Grasping the slow, monotonic music of The Gamblers required considerable intellectual effort on the part of the audience. All of us, of course, have read Gogol’s The Gamblers, and it is therefore obvious to us that such a small-scale and absolutely non-operatic subject, as well as the tough and tortuous musical style of Shostakovich, requires in the first instance a clear rendition of Gogol’s words. Unfortunately, the words which the composer succeeded in putting to music could not always be heard by the Russian-speaking public, as the diction left much to be desired.
The Great Lightning is quite a different matter. The distinctive characters are nothing other than easily recognized, exaggerated types of so-called agitational-pamphlet theater, in a libretto of the Soviet era that essentially speaks of that era, with indispensible ideological opposition to the capitalist world.

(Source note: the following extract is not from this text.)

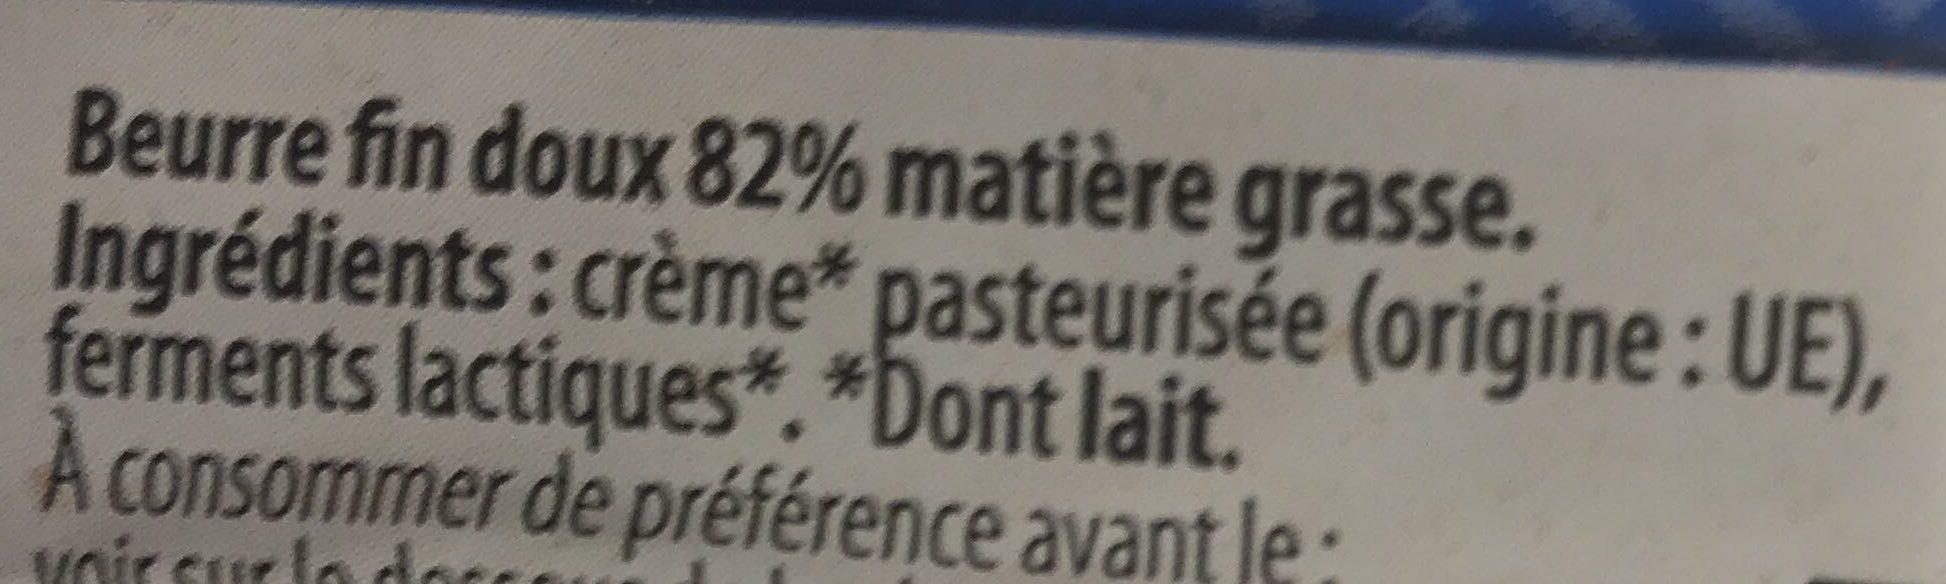 Beurre moulé - Ingredients - fr

A series of dance-like symphonic episodes conjuring up the world of the café and the bright parodies of music by Gliere and Beethoven and the Russian folk song “A birch tree stood in the field” clearly connect the music to the bourgeois-Nepman style of the composer’s ballet The Golden Age. Like the ballet, The Gamblers takes place in a specific place and time, in this case in a hotel in a hostile capitalist country where the arrival is awaited of workers from the Soviet Union. All of the merry grotesqueness of the opera was greeted with enormous enthusiasm by the audience and concluded the evening on a happy and optimistic note.
The Symphony Orchestra of the Paris Conservatory, with much credit due its Russian and French conductors, was simply outstanding. Its highly professional playing provided marvelous thrills to the listeners, not only in performing “its own” Ravel, but also in its interpretation of the rarities of “our” Shostakovich.